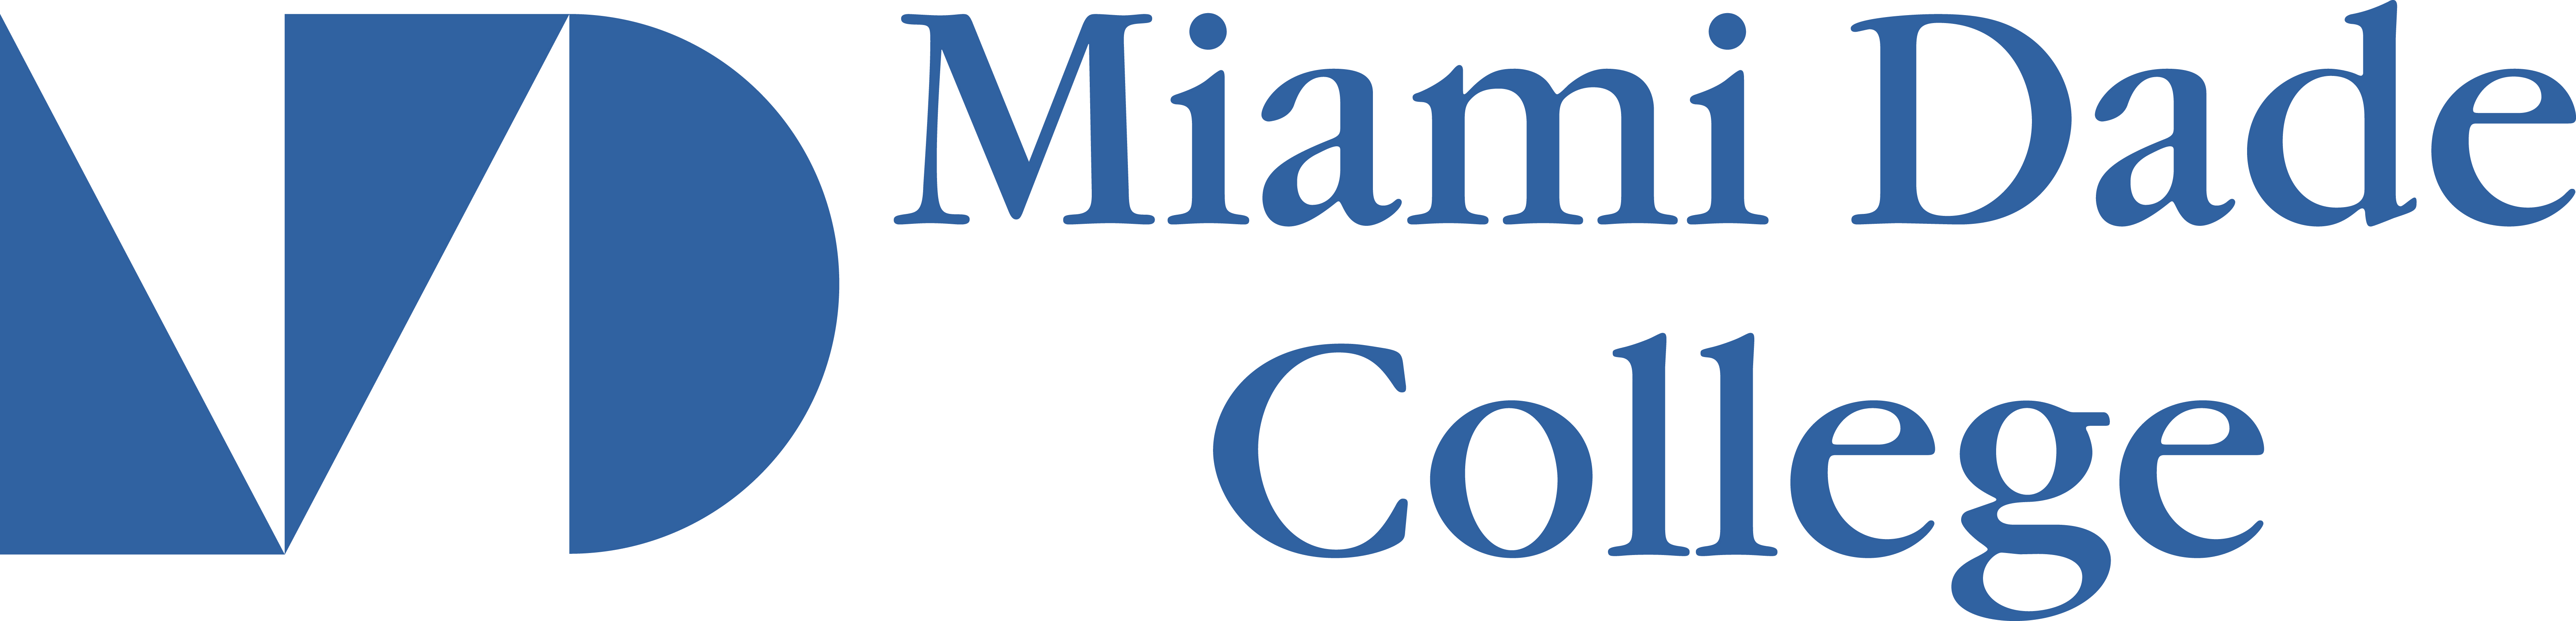 Miami Dage College
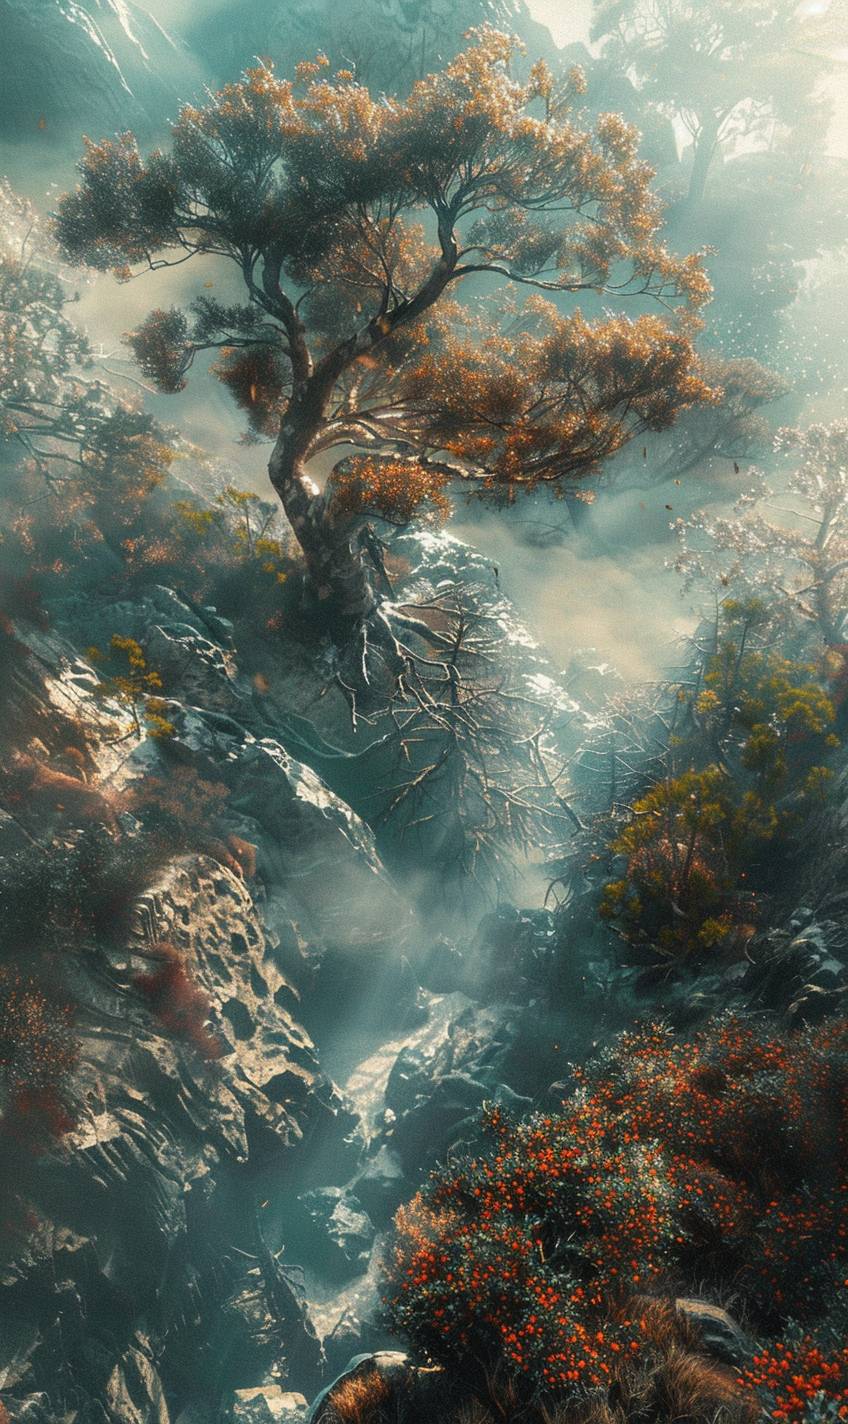 Filip Hodasスタイルで、神秘的な森のそよ風
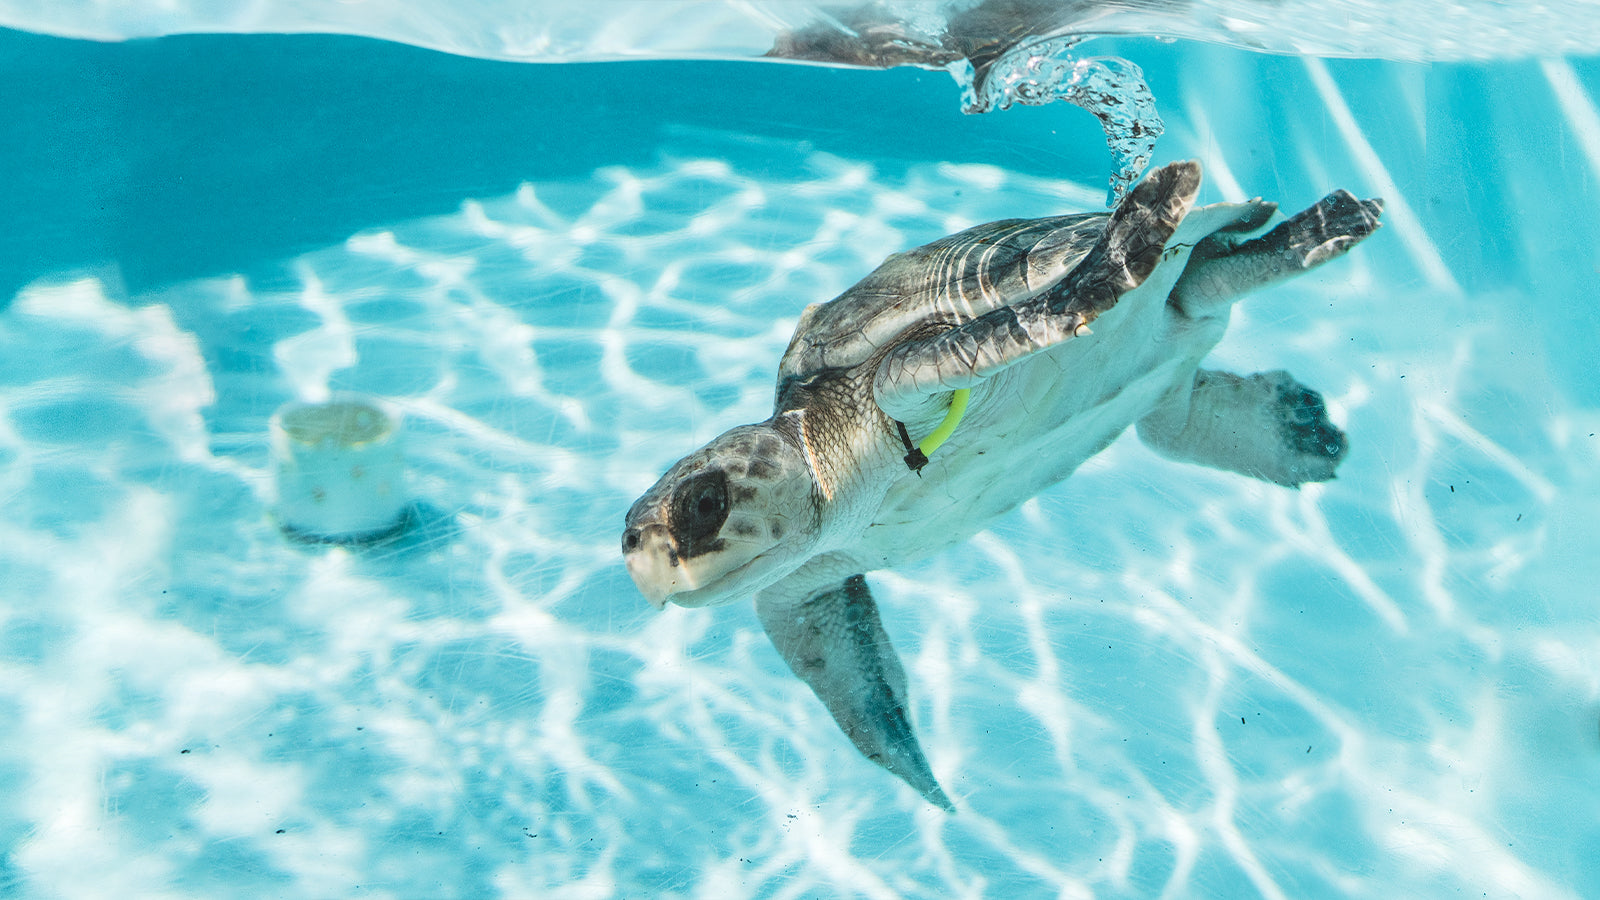 Rehabilitating loggerhead sea turtle swimming in a rehabilitation pool
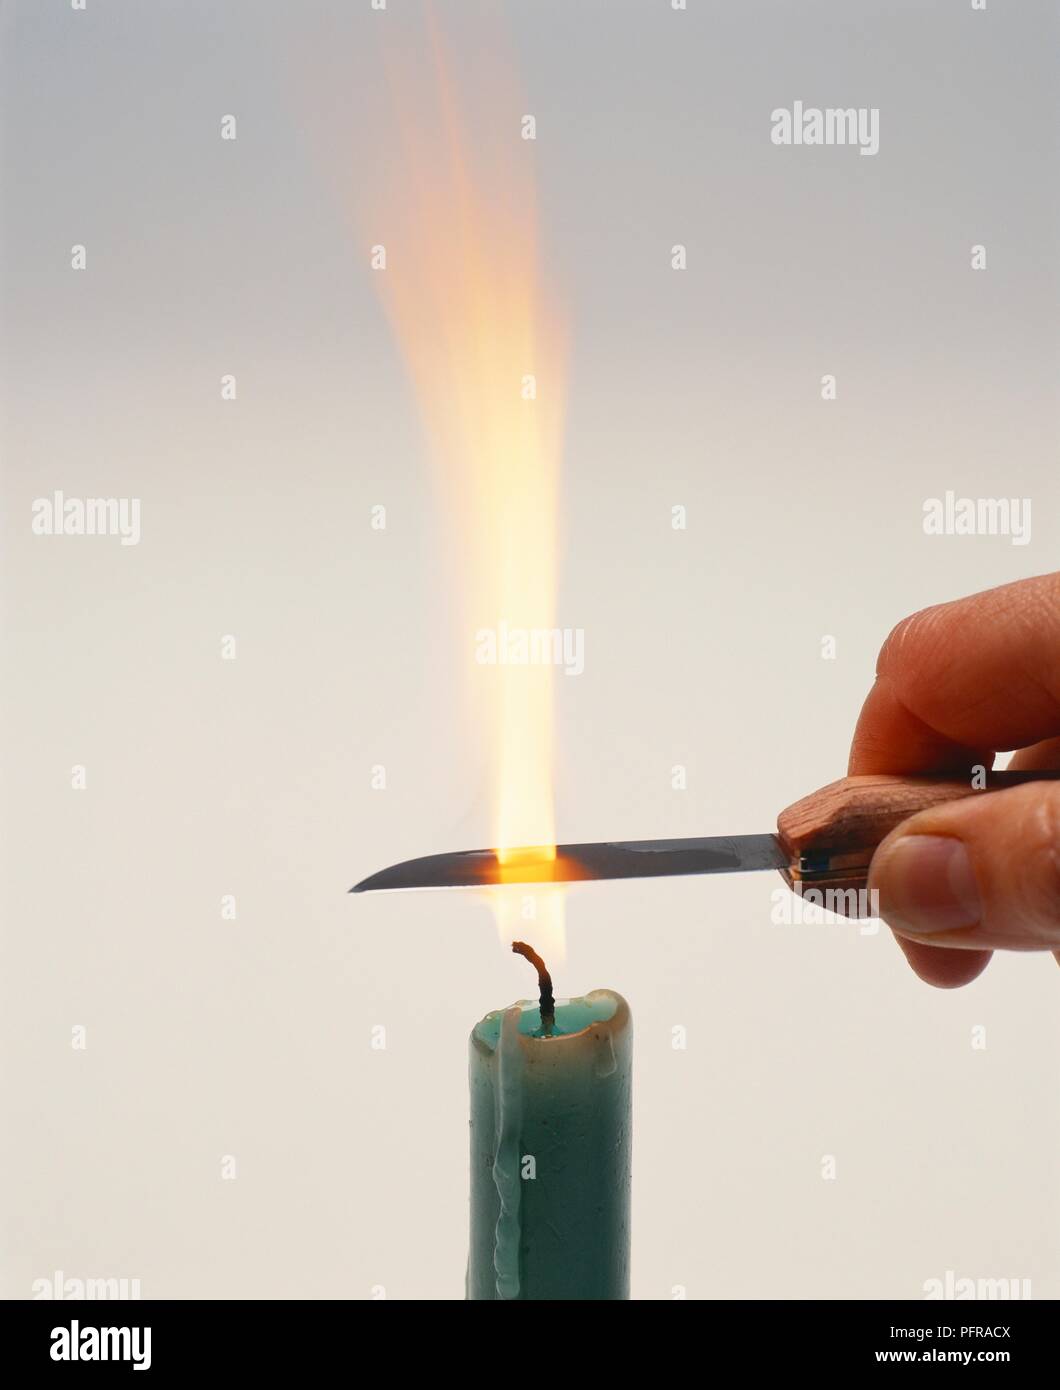 Mano sujetando navaja en la llama de una vela para esterilizar blade  Fotografía de stock - Alamy
----------
Reproduce the material word for word, pictures excluded.

 Miami Dage College
 Filip Hodasスタイルで、神秘的な森のそよ風
 Rehabilitating loggerhead sea turtle swimming in a rehabilitation pool
 Mano sujetando navaja en la llama de una vela para esterilizar blade  Fotografía de stock - Alamy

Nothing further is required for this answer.